Please email your photo to photochallenge@thephotoforum.com.

All photos must include the form when submitted. Just copy and paste it into your email. This will ensure that no mistakes are made when photos are submitted and therefore, hopefully, no photos are excluded. If the form is not included in the submission email the photo will not be included in the challenge gallery and voting process. 

Good luck to everyone and have fun with this challenge!


----------



## LittleMan (Jun 11, 2006)

ooo I'm in with this one! 
:thumbup:


----------



## fotophia (Jun 12, 2006)

ive already posted my bug stuff. ill hopefully get some more done before the end of june


----------



## DepthAfield (Jun 15, 2006)

My bug photo has been sent... :blushing:


----------



## mentos_007 (Jun 15, 2006)

ok...find me a bug first ...  and I'll take a photo of it and submit


----------



## SantosD50 (Jun 15, 2006)

This should be fun!


----------



## DuncanK (Jun 15, 2006)

150 kb?
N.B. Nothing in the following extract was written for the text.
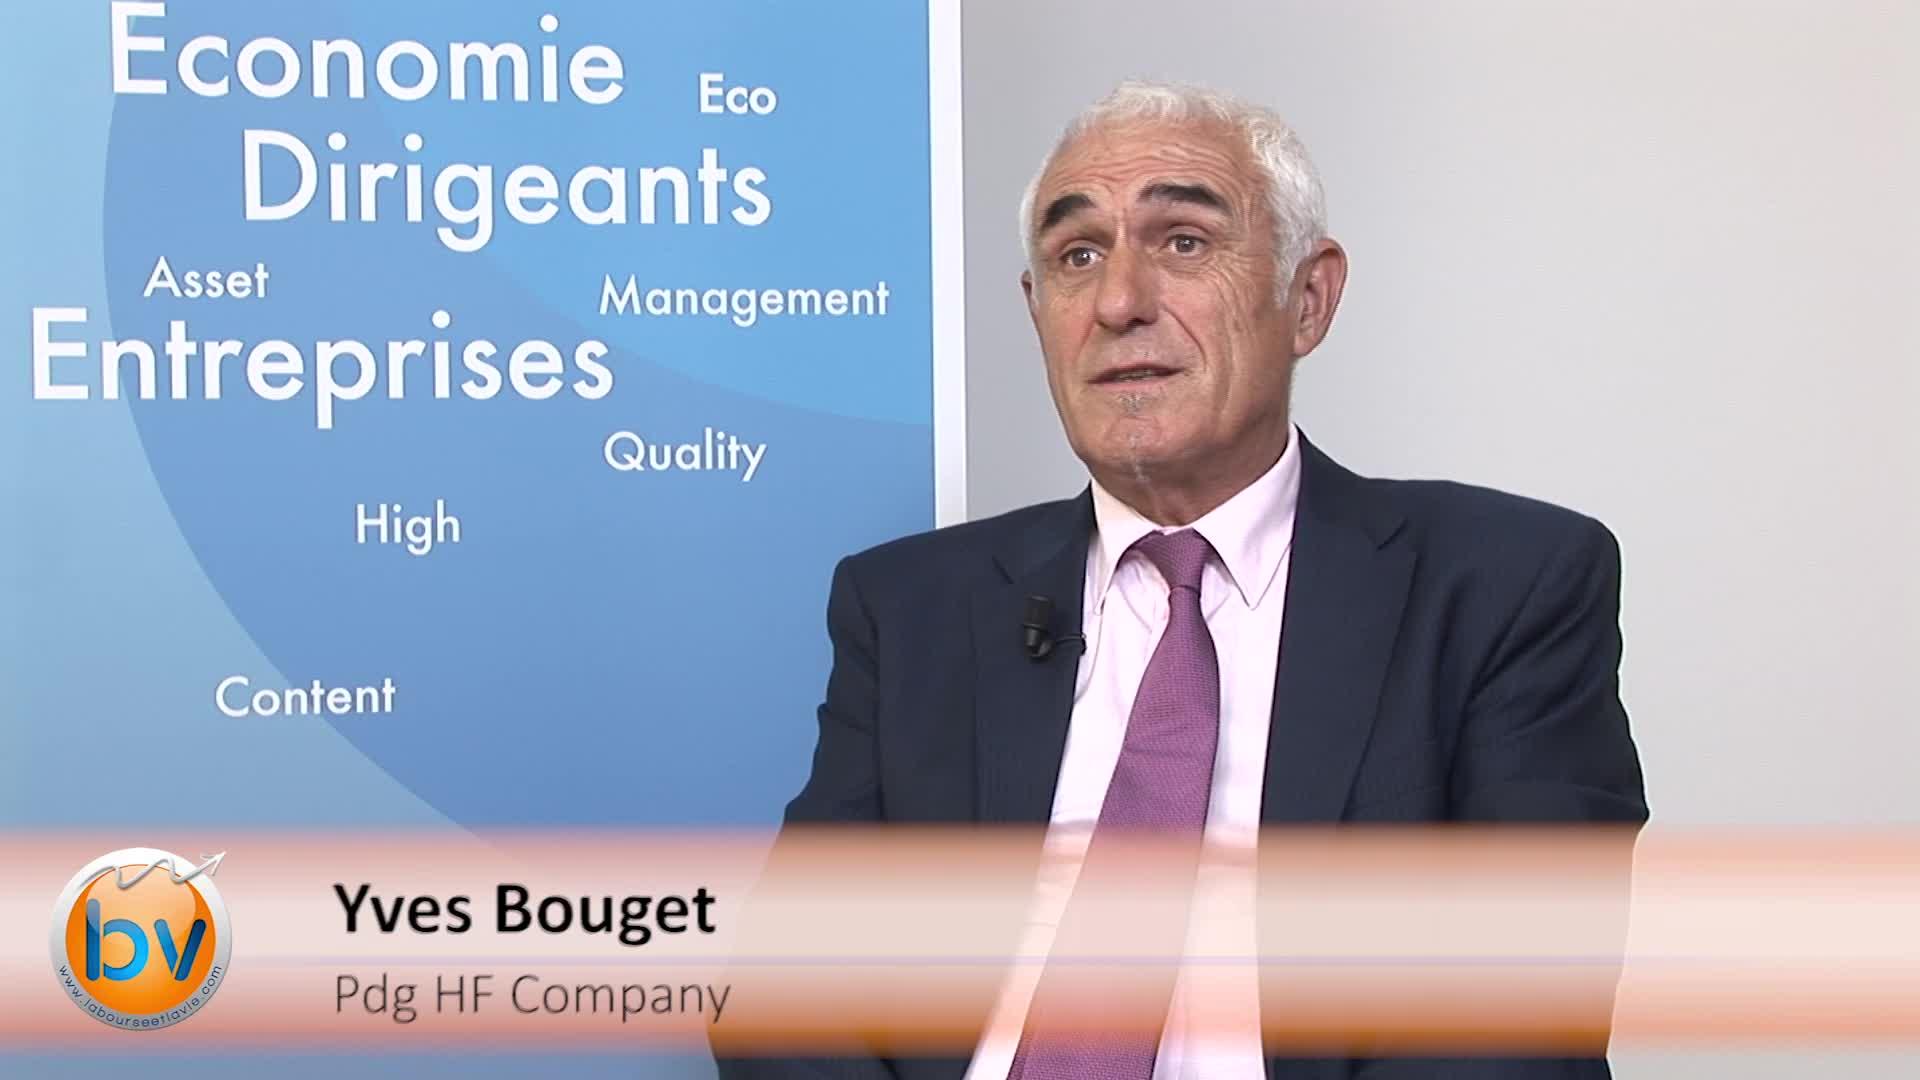 Yves Bouget Pdg HF Company : «Des briques technologiques peuvent nous intéresser sur le marché américain»

That is a super small image, can't I just send photobucket url?


----------



## Tony (Jun 15, 2006)

^ I think 150kb should be ample for an 800x600 image.


----------



## zaramuni (Jun 15, 2006)

I posted the only bug I could find that was  quasi cute


----------



## Lensmeister (Jun 16, 2006)

Damn .. I got a GREAT one .... but I posted it before


----------



## nitefly (Jun 18, 2006)

Lensmeister said:
			
		

> Damn .. I got a GREAT one .... but I posted it before



Quickly delete it and then submit it.. And delete these posts! No one will notice :lmao::er:


----------



## Mindii (Jun 20, 2006)

I've taken the plunge and emailed a shot...as its my first post I thought...why not jump right in!


----------



## JJK1975 (Jun 20, 2006)

I went out looking for bugs today.

Seems the trickiest part is to avoid being eaten alive by the bugs who are jealous you aren't taking a picture of them!


----------



## lilboo2326 (Jun 20, 2006)

Im new here too but I might as well jump in a submit one. This sounds like fun


----------



## Mama_Destiny (Jun 20, 2006)

I'm also a noob..lol..but I went ahead and sent one in,it does sound like fun!


----------



## fotophia (Jun 28, 2006)

I have submit one


----------



## Peateater (Jun 28, 2006)

Before I send mine in, are you sure you don't mean 150 MB? 150 KB is really tiny...

Peter


----------



## Arch (Jun 28, 2006)

Peateater said:
			
		

> Before I send mine in, are you sure you don't mean 150 MB? 150 KB is really tiny...
> 
> Peter



yes its 150kb..... resize your image to around 600x400 pixels and save as a jpeg.


----------



## Peateater (Jun 28, 2006)

Oops - I meant 1.5 MB 
	

	
	
		
		

		
			




 Now that I actually try it 150 KB is plenty.

Peter


----------



## LittleMan (Jun 29, 2006)

whew.... I just went out and got the shot I was trying to get!

Nothing like cutting it close!  The night before the deadline! 

(I almost gave up trying to get the best photo of a bug in the world.) 

:mrgreen:


----------



## cleano (Jun 30, 2006)

I dont want to miss out from this program!:cheers:


----------



## BubblePixel (Jun 30, 2006)

Geez... these things don't cooperate very well...    worst than kids!! LOL!!!


----------



## Holly (Jun 30, 2006)

Im so excited to see what every one has come up with!!


----------